There are some times issues related to scheduling with spin locks that
effect scaling a lot but OSv
should handle them well, in the past we've done good amount of tests and
shared results.


>
> Matias
>
> El mar., 26 mar. 2019 a las 23:29, Waldek Kozaczuk (<[email protected]>)
> escribió:
>
>> Last week I spent some time investigating OSv performance and comparing
>> it to Docker and Linux guests. To that end I adopted
>> "unikernels-v-containers"' repo by Tom Goethals and extended it with 2 new
>> apps (Rust and Node.js) and new scripts to build and deploy OSv apps on
>> QEMU/KVM - https://github.com/wkozaczuk/unikernels-v-containers.

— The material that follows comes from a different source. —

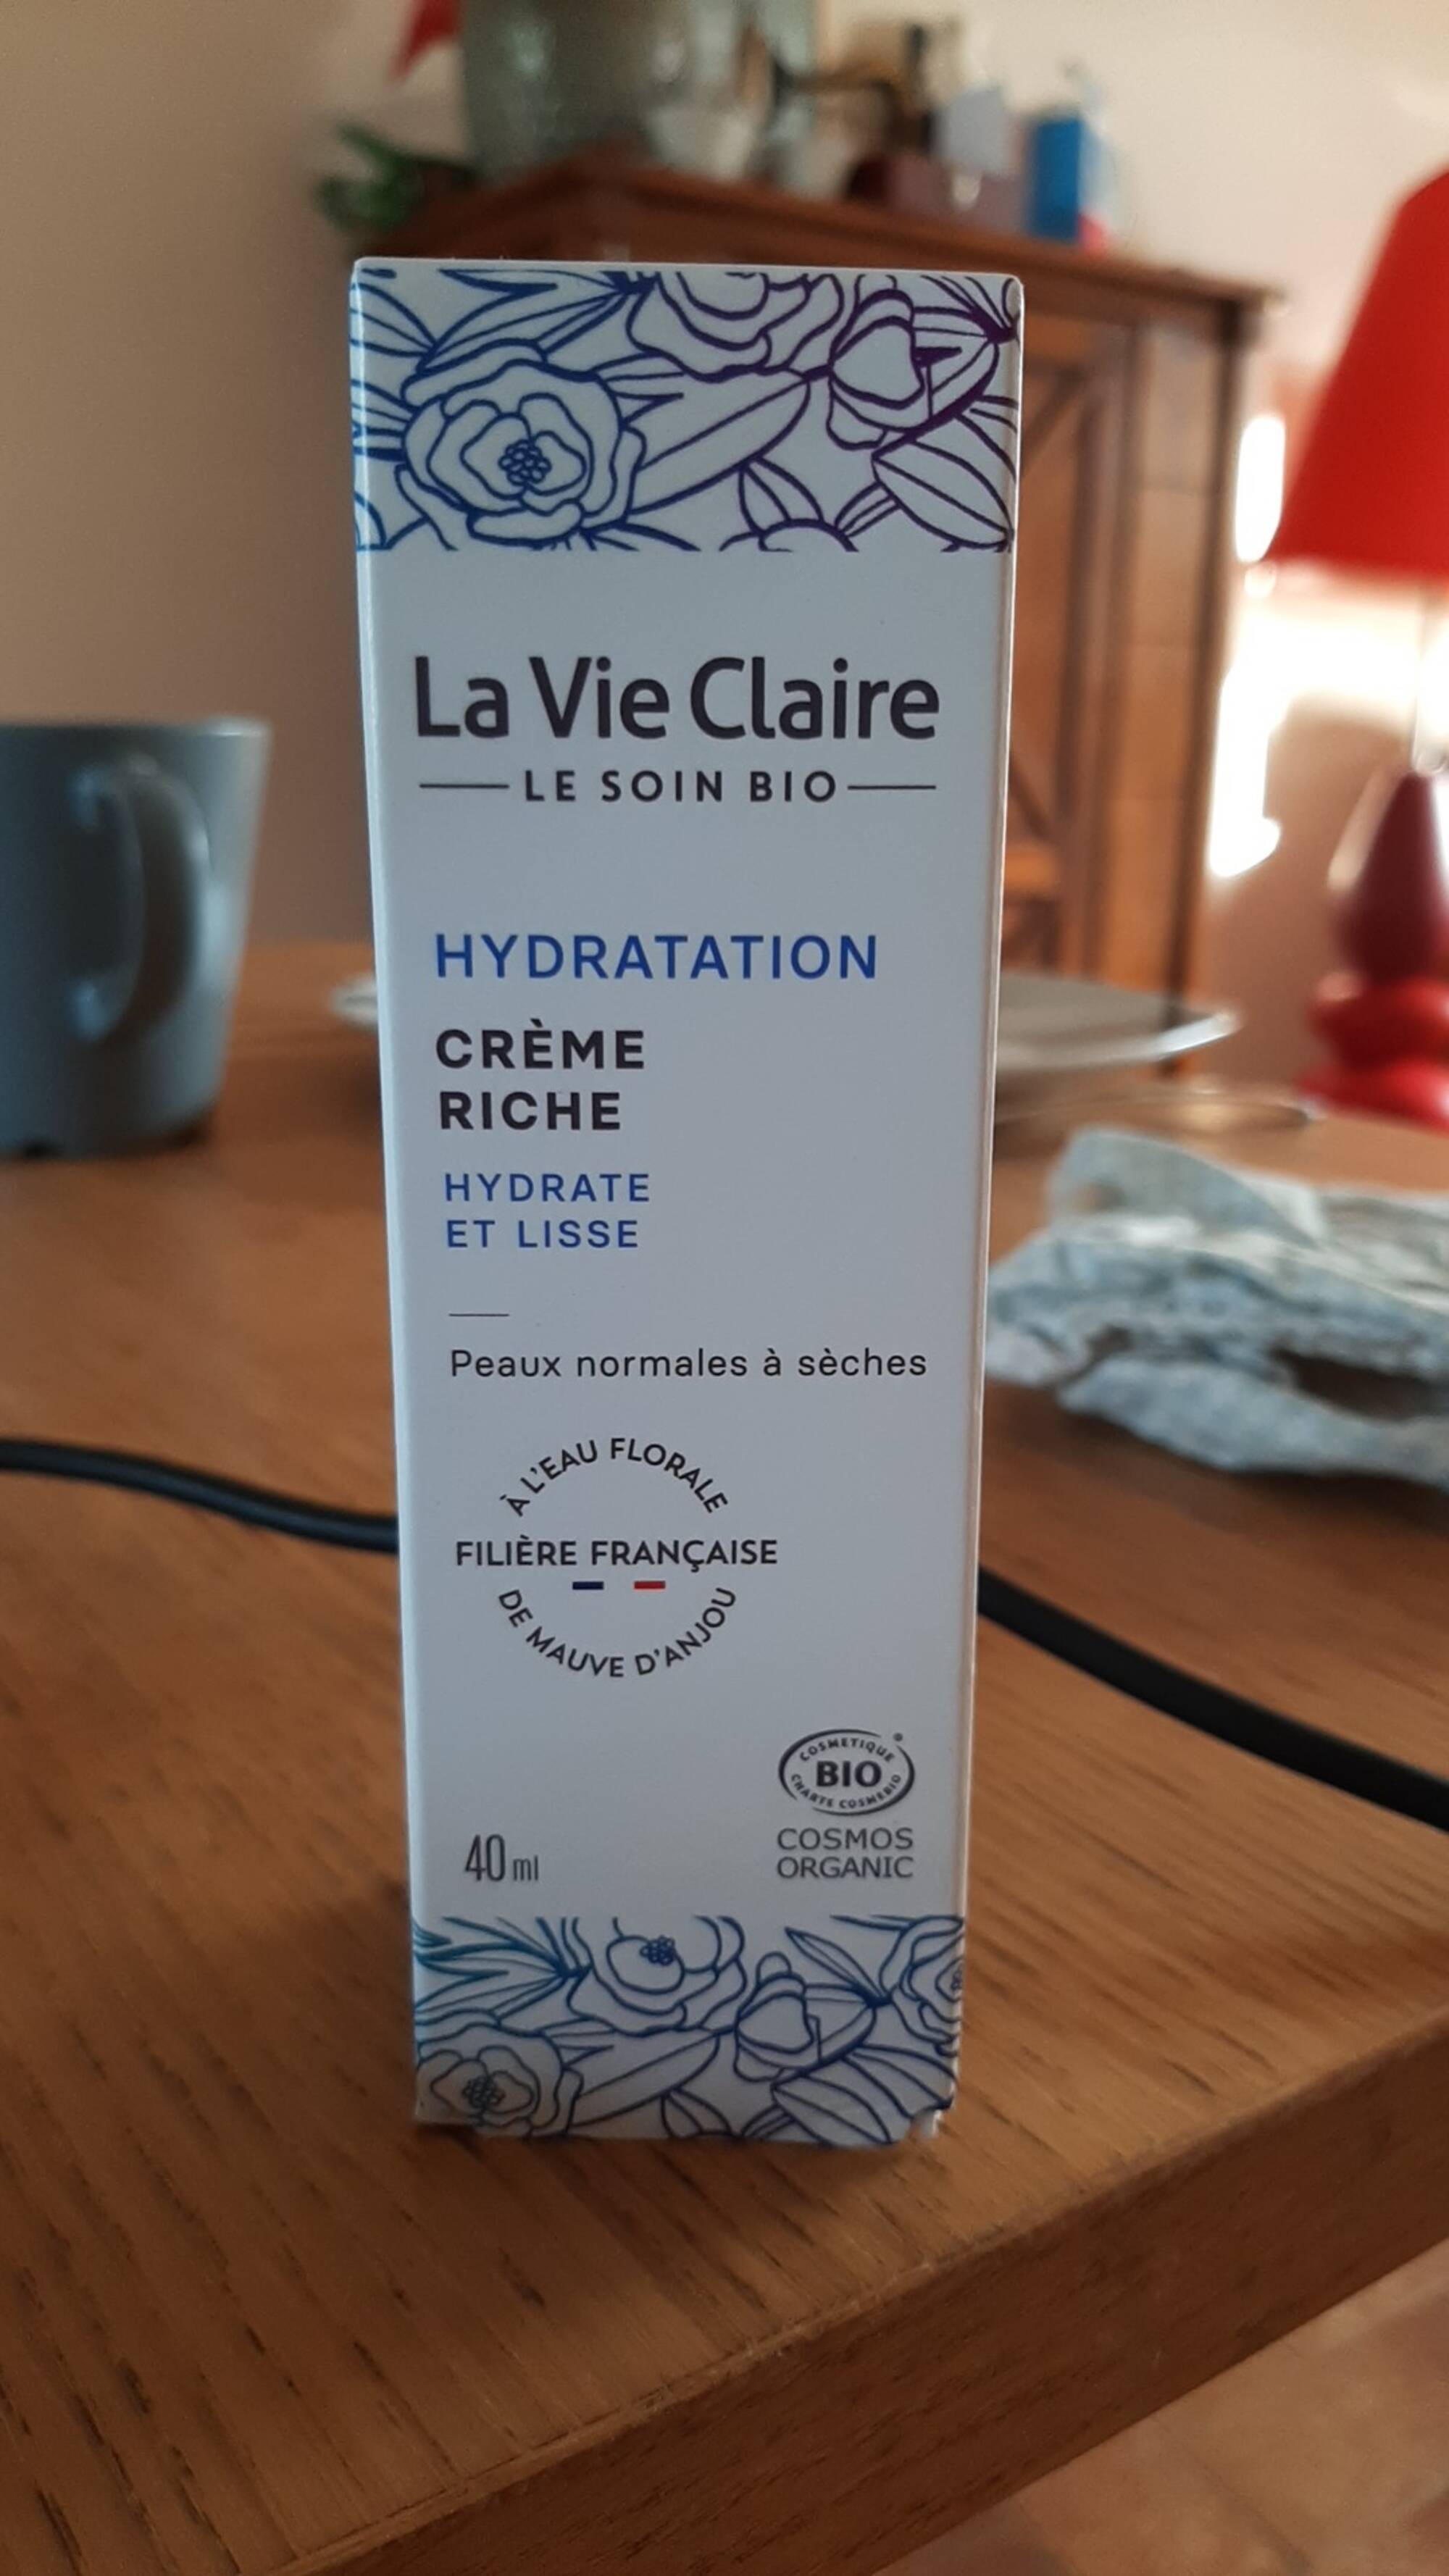 Le beurre de Karité - La Vie Claire

So as
>> you can see my focus was on OSv on QEMU/KVM and firecracker vs Linux on
>> firecracker vs Docker whereas Tom's paper was comparing OSv on Xen vs
>> Docker (details of discussion around it and the link to the paper you can
>> find here - https://groups.google.com/forum/#!topic/osv-dev/lhkqFfzbHwk).
>>
>> Specifically I wanted to compare networking performance in terms of
>> number of REST API requests per second processed by a typical microservice
>> app implemented in Rust (built using hyper), Golang and Java (built using
>> vertx.io) and running on following:
>>
>>    - OSv on QEMU/KVM
>>    - OSv on firecracker
>>    - Docker container
>>    - Linux on firecracker
>>
>> Each app in essence implements simple todo REST api returning a json
>> payload 100-200 characters long (for example see here Java one -
>> https://github.com/wkozaczuk/unikernels-v-containers/blob/master/restapi/java-osv/src/main/java/rest/SimpleREST.java).
>> The source code of all apps is under this subtree -
>> https://github.com/wkozaczuk/unikernels-v-containers/blob/master/restapi.
>> One thing to not was that each request would return always the same payload
>> (I wonder if that may cause the response gets cached and affects results).
>>
>> The test setup looked like this:
>>
>> *Host:*
>>
>>    - MacBook Pro with Intel i7 4 cores CPU with hyperthreading (8 cpus
>>    reported by lscpu) with 16GB of RAM with Ubuntu 18.10 on it
>>    - firecracker 0.15.0
>>    - QEMU 2.12.0
>>
>>
>> *Client machine:*
>>
>>    - similar to the one above with wrk as a test client firing requests
>>    using 10 threads and 100 open connections for 30 seconds in 3 series one 
>> by
>>    one (please see this test script -
>>    
>> https://github.com/wkozaczuk/unikernels-v-containers/blob/master/test-restapi-with-wrk.sh
>>    ).
>>    - wrk by default uses Keep-Alive for http connections so TCP
>>    handshake is minimal
>>
>> The host and client machine were connected directly to 1 GBit ethernet
>> switch and host exposed guest IP using a bridged TAP nic (please see the
>> script used -
>> https://raw.githubusercontent.com/cloudius-systems/osv/master/scripts/setup-external-bridge.sh
>> ).
>>
>> You can find scripts to start applications on OSv and docker here -
>> https://github.com/wkozaczuk/unikernels-v-containers (run* scripts).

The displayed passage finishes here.